While it is true there is no dispute about certain basic facts (e.g., the parties agree there was no written contract but there was an oral contract regarding commissions), virtually all other aspects of that agreement, as well as certain other facts bearing on this claim, are in dispute.
It is clearly disputed what the terms of such initial agreement were. Was it based on accounts obtained or procured, or accounts managed or serviced? If it was based on accounts procured, could or did defendant change or attempt to change such unilaterally? When plaintiff was removed or “demoted,” was it a valid action by the board? Did plaintiff ’s acceptance of pay in his new position indicate his acceptance of all of the terms of the purported new contract? Did the terms of the new position really preclude his entitlement to commissions from his then-existing accounts? Specifically, what was communicated between the parties regarding these matters?

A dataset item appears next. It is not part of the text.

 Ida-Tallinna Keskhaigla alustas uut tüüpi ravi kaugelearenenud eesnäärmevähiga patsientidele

All of these are factual inquiries, or mixed questions of law and fact, that need to be resolved and established by evidence. That being the case, summary judgment, in my view, is just not appropriate.
Requests for admission
Defendant puts forth several responses to requests for admissions as support for its assertion that there are no issues of disputed fact. However, they are replete with denials of the very facts defendant says are not in dispute.

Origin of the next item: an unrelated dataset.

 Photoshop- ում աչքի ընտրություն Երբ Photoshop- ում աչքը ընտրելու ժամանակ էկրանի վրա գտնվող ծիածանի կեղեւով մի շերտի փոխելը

Defendant claims that Exhibits 3-5 also show that under the oral agreement sales employees need to be actually engaged in servicing accounts to qualify for commissions. Defendant may be able to prove that, but those exhibits do not, in the court’s view, establish such as a matter of undisputed fact. Those exhibits at this stage are allegations. They are emails, and not even from or to the plaintiff, and are not signed by anyone; while they may be offered as proof of defendant’s assertions, they do not in and of themselves resolve the factual question.

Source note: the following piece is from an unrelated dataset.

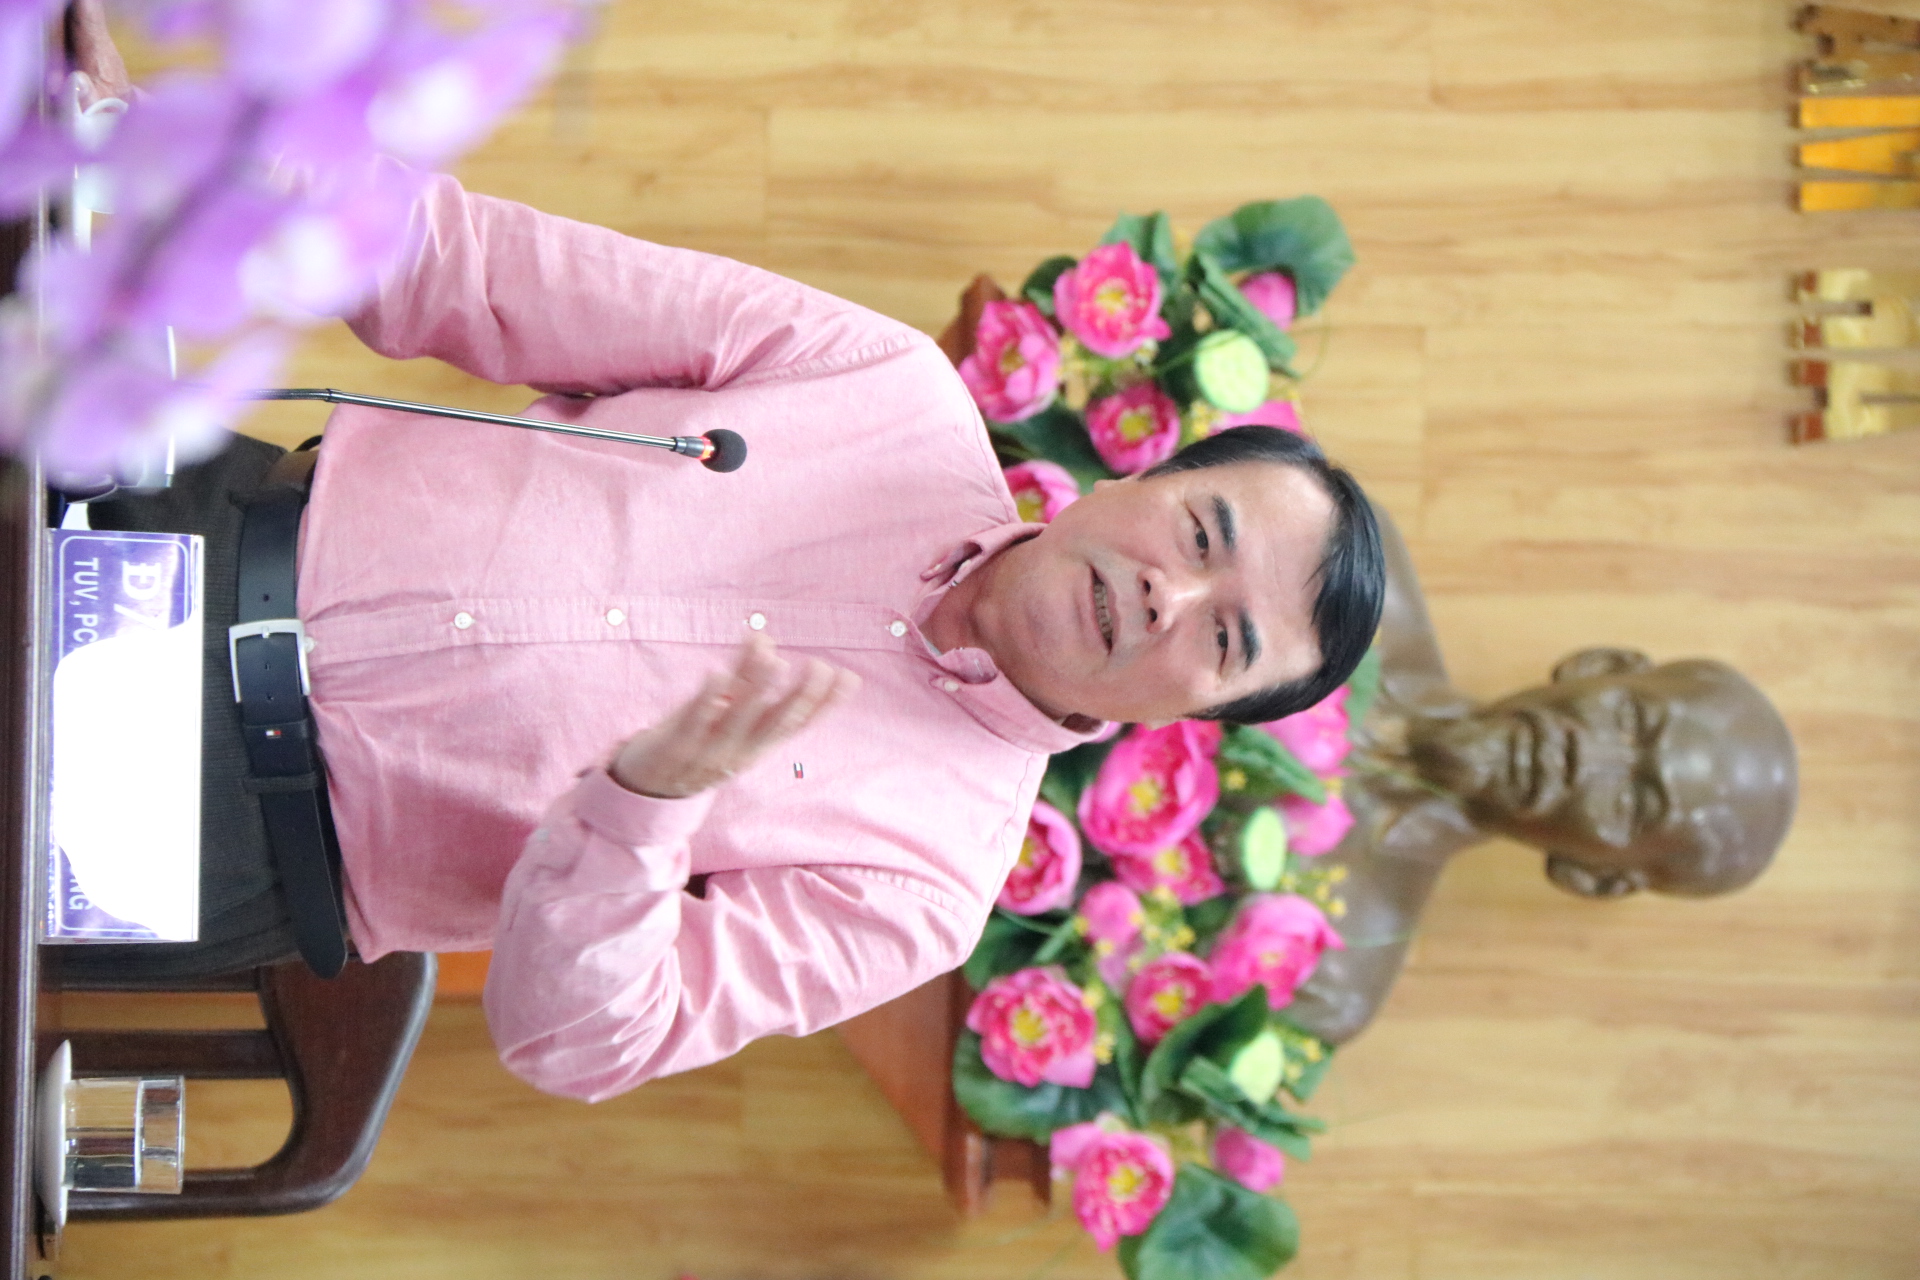 Đồng chí Phạm S - Phó Chủ tịch UBND tỉnh Lâm Đồng phát biểu tại buổi làm việc

Just because defendant may ultimately be able to prove something does not mean that it does not have to furnish such proof in order to prevail. The existence (or not) of the express or implied contracts and their terms, and the nature and terms of plaintiff ’s continued employment, are factual questions to be decided by the jury. And the legal question of the effect of the position he continued in on his ability to receive, and his entitlement to, commissions is at least partially dependent on these factual issues.
Similarly, whether there was a “novation” based on acceptance of a “new position” with certain conditions which extinguished the prior oral agreement is also a factual question, or at least a legal question based on factual findings relating to his duties as Director of Engineering, which I believe the record thus far is insufficient to determine, and plaintiff is entitled to present evidence countering defendant’s assertion on this point.
Because I believe that granting summary judgment would improperly and prematurely preclude the presentation of evidence on factual issues underlying both plaintiff ’s and defendant’s claims, I will deny the motion.
Friend v. Stu-Comm Inc. (Moore) No. CL 13-158, Oct. 10, 2016; Charlottesville Cir.Ct.; Scott A. Simmons, Joan C. McKenna for the parties. VLW 016-8-125, 5 pp.